[Start of Attachment]

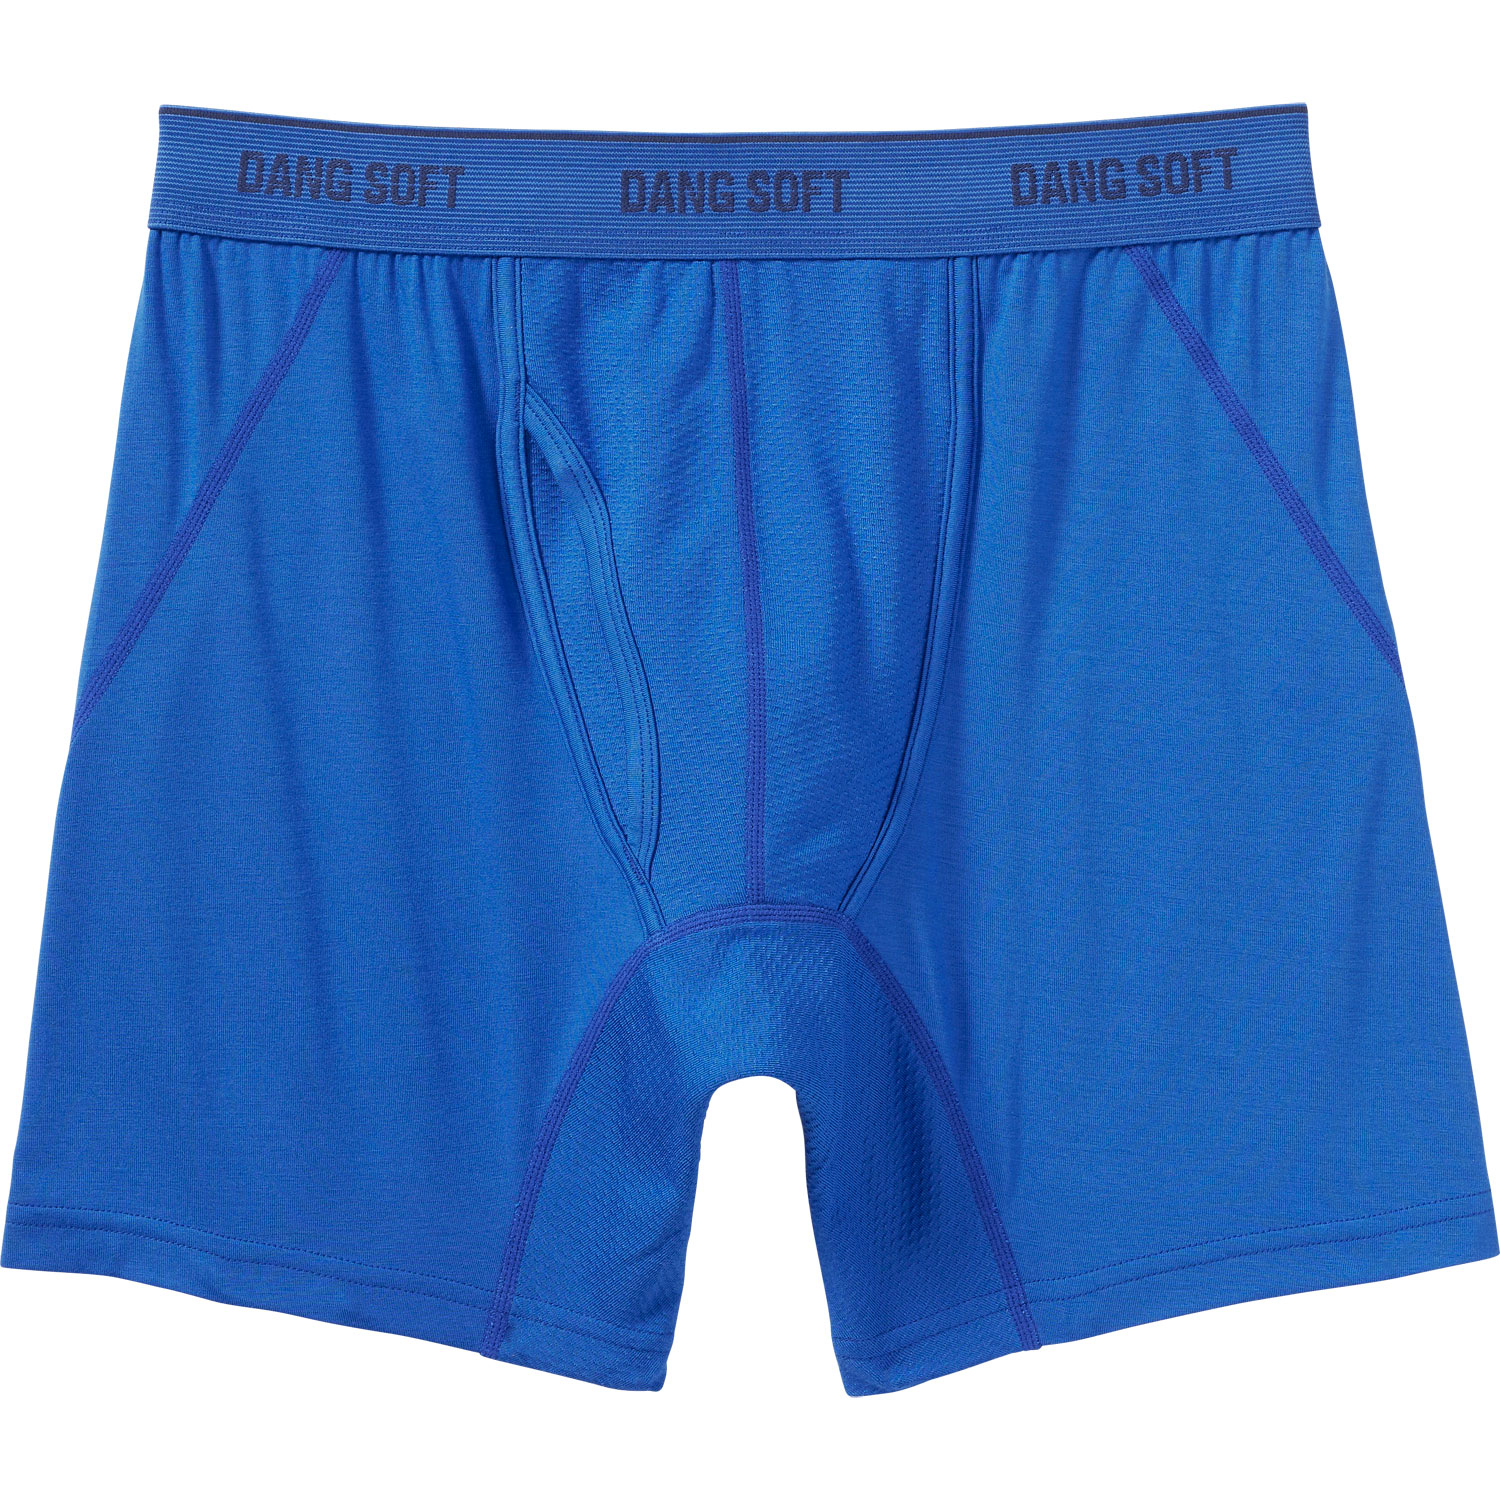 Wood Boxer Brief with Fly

[End of Attachment]
[Start of Attachment]

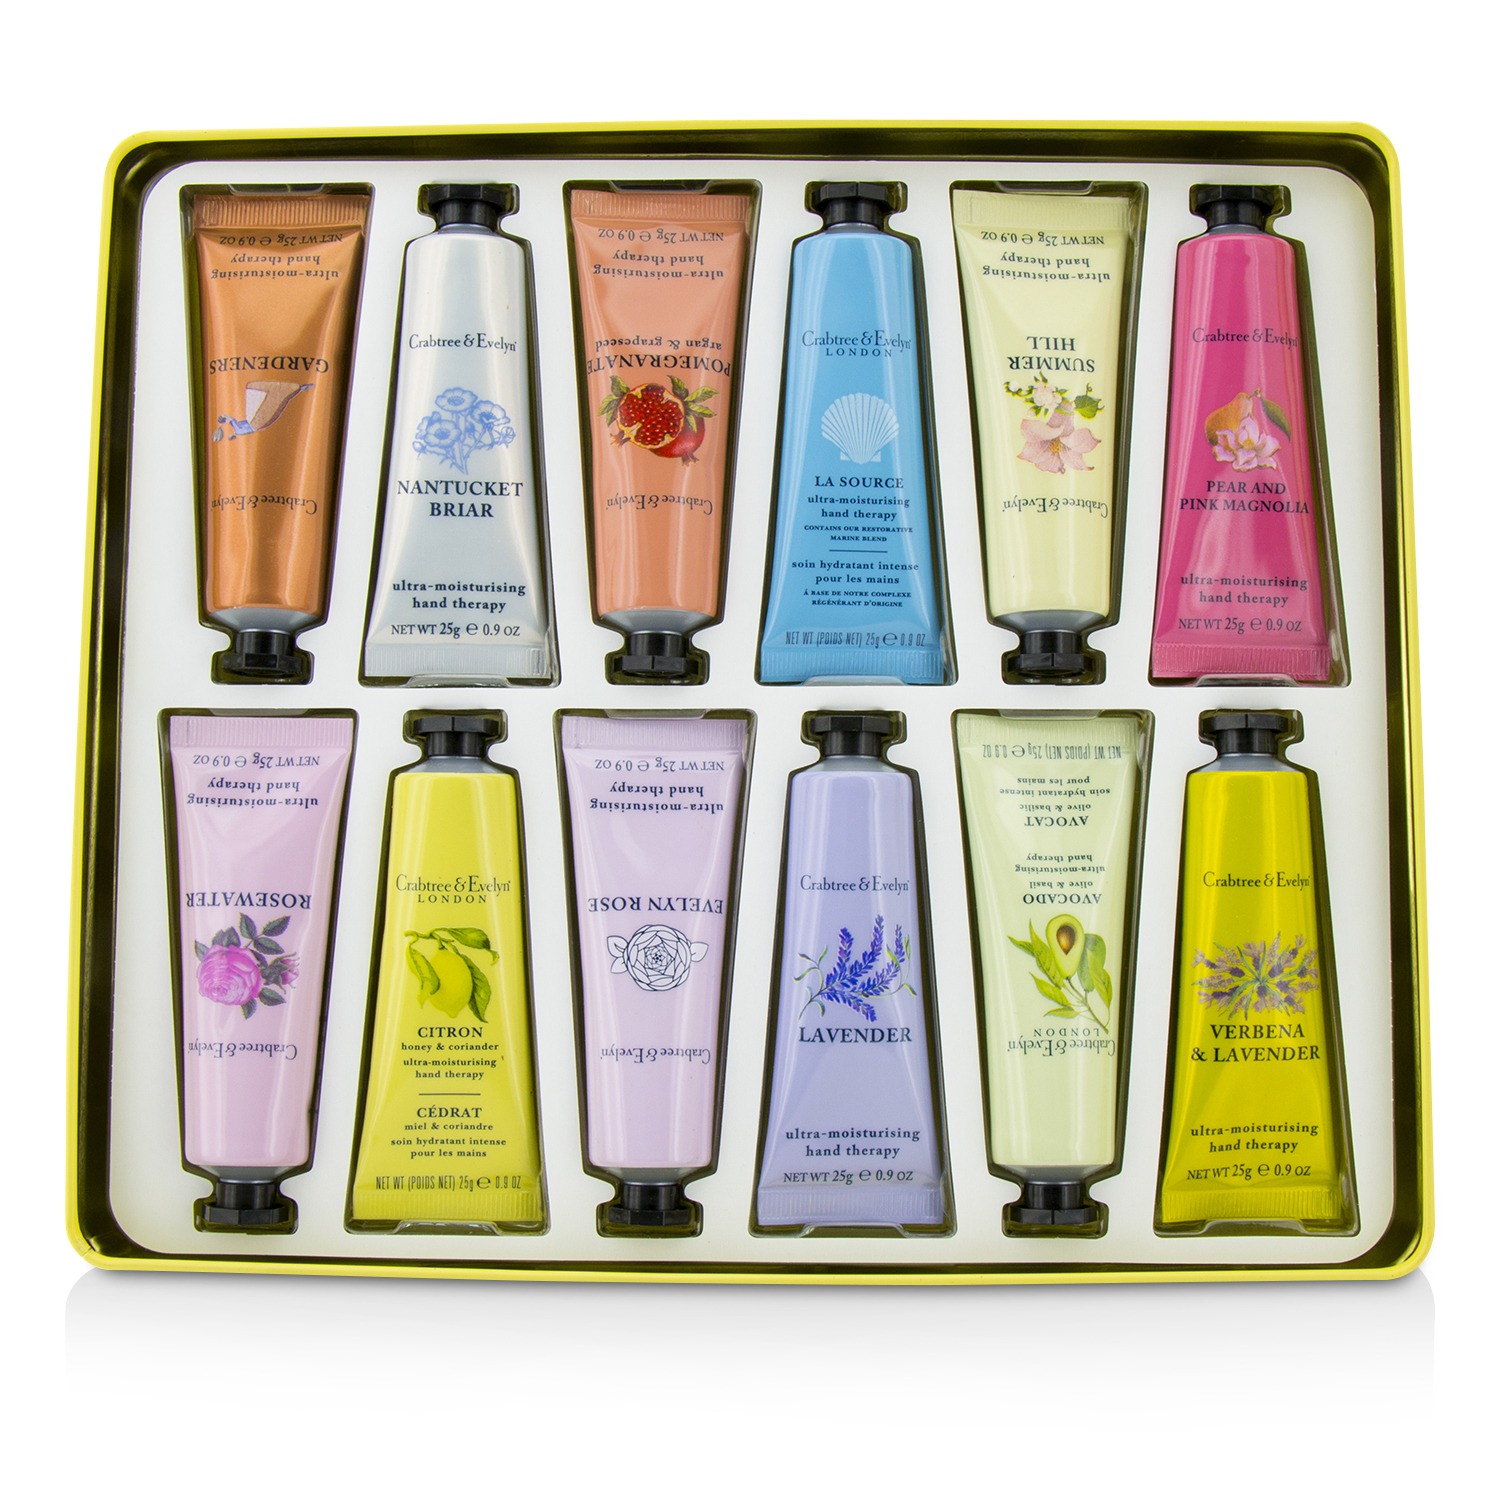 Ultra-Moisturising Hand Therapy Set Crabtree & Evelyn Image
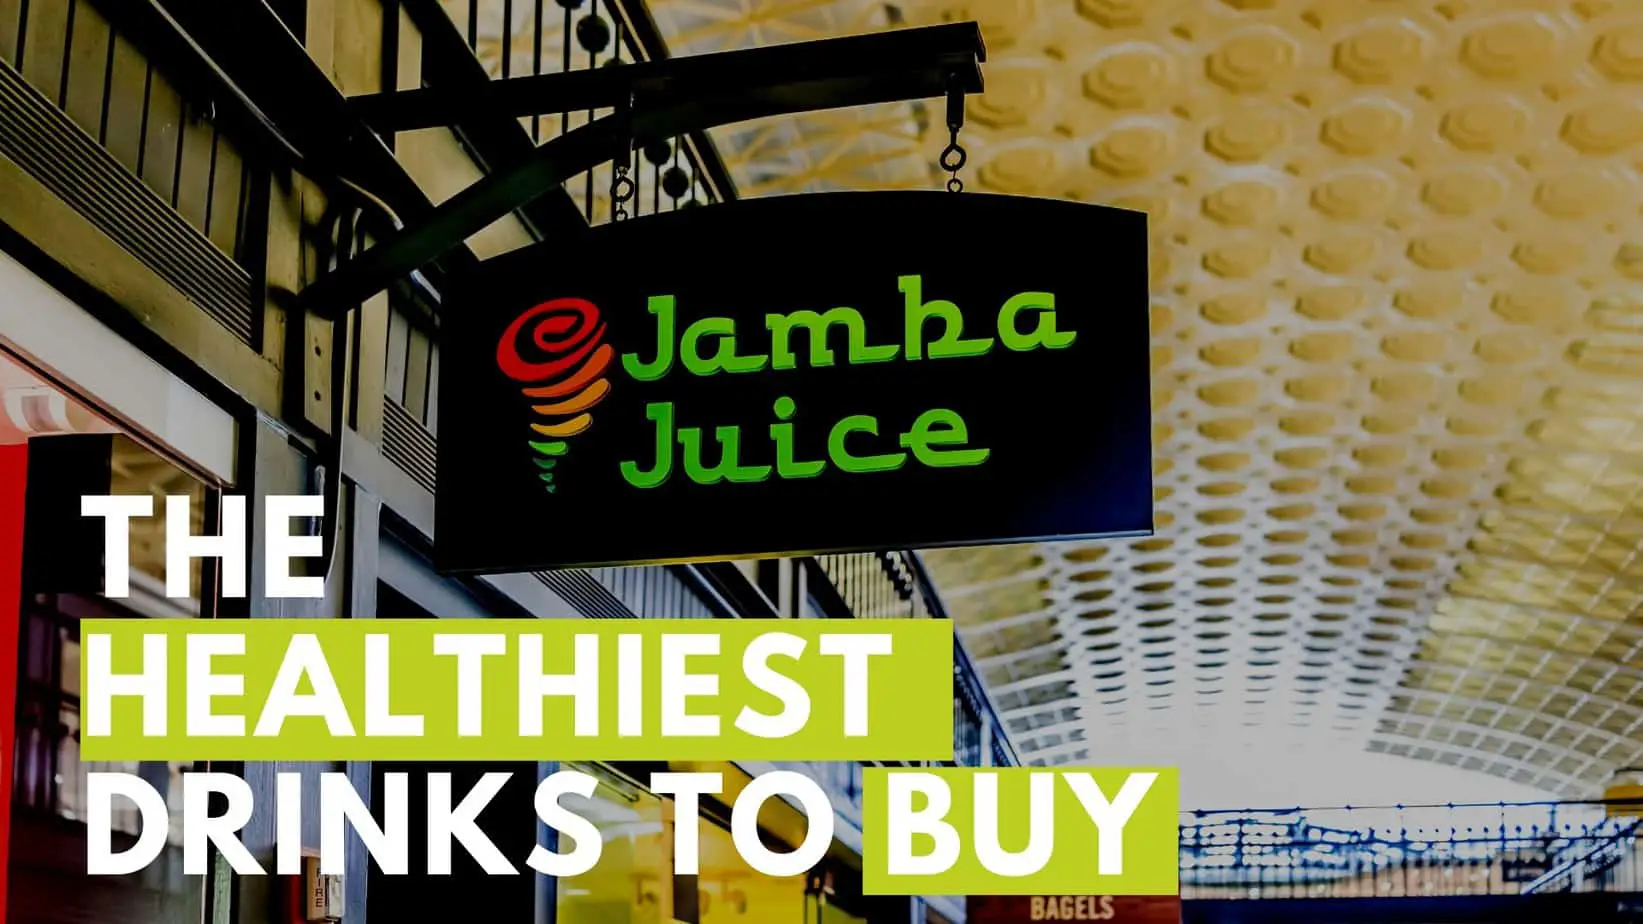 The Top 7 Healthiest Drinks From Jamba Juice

[End of Attachment]
[Start of Attachment]

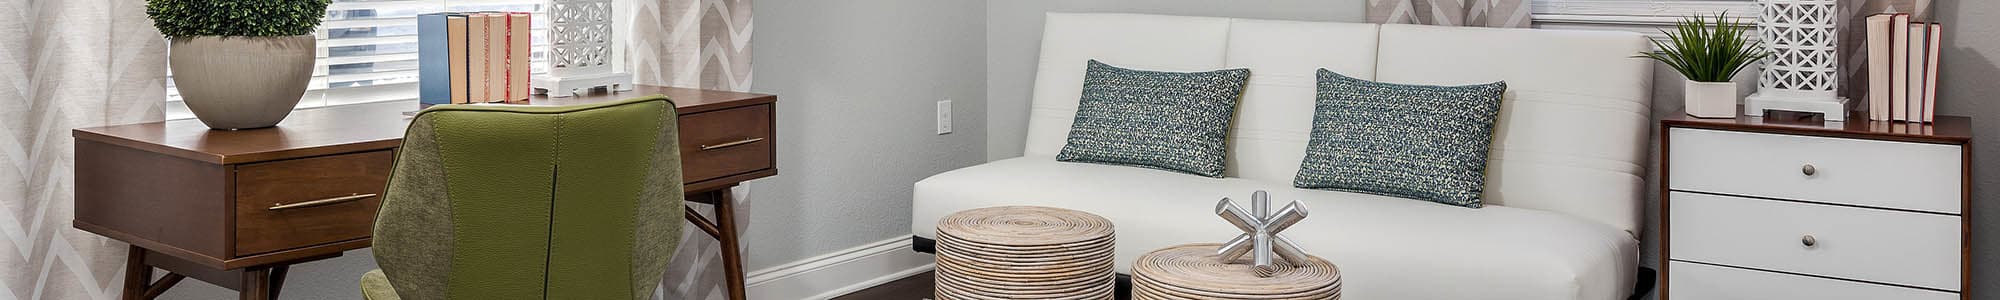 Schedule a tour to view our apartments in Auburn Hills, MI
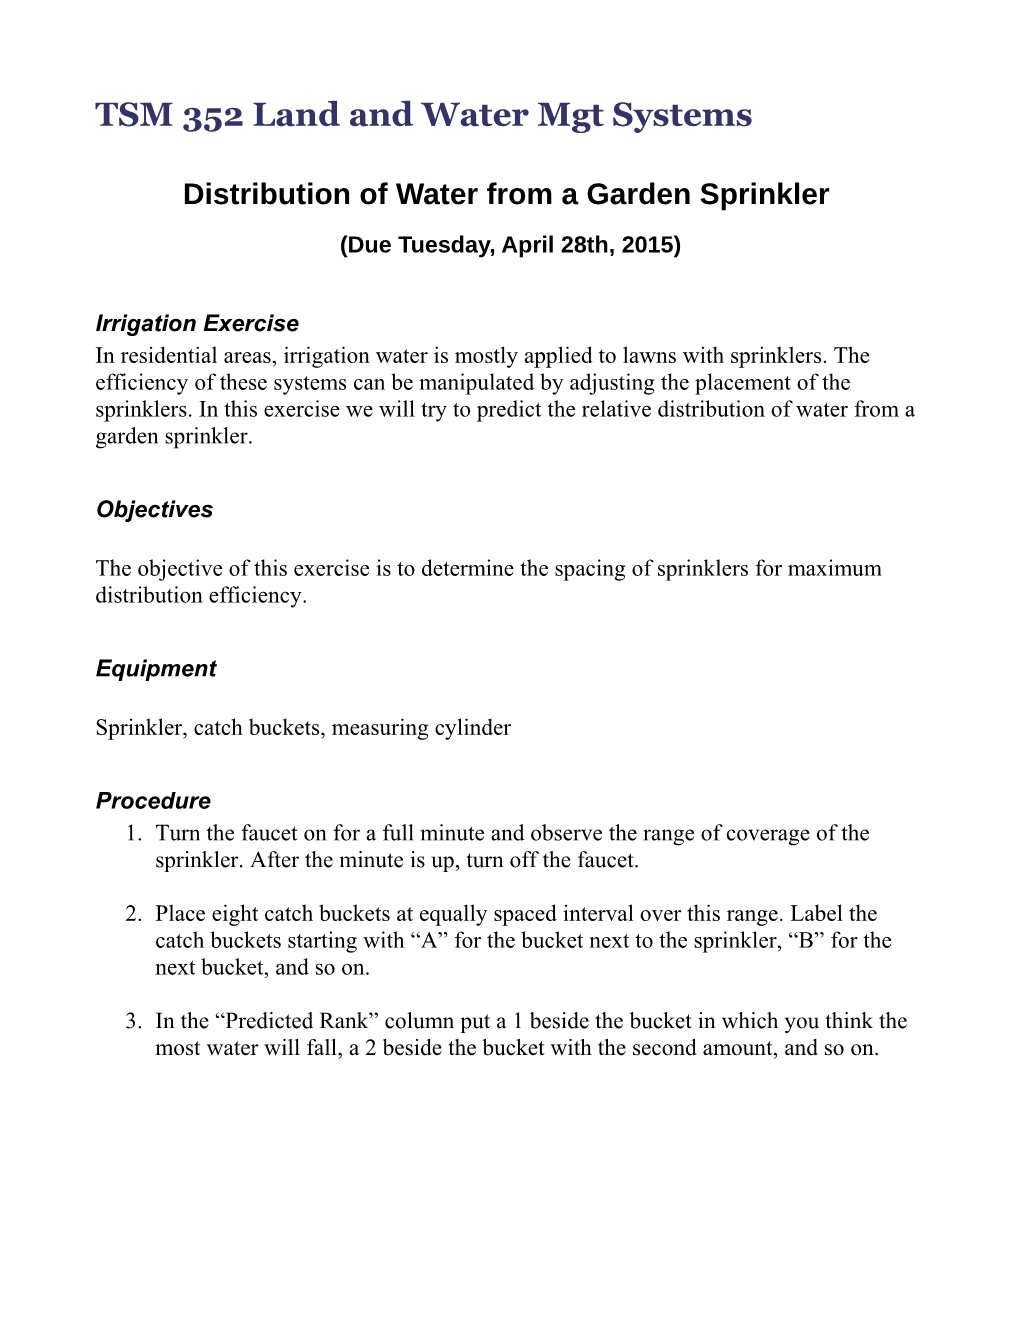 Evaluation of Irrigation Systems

[End of Attachment]

TRY IT:
Output exactly the lines of the listing above that start with the one holding "Ultra-Moisturising Hand Therapy" and go on through the one holding "The Top 7 Healthiest Drinks From Jamba Juice"; leave the pictures out.

SOLUTION FOR THIS PROBLEM:
 Ultra-Moisturising Hand Therapy Set Crabtree & Evelyn Image
 The Top 7 Healthiest Drinks From Jamba Juice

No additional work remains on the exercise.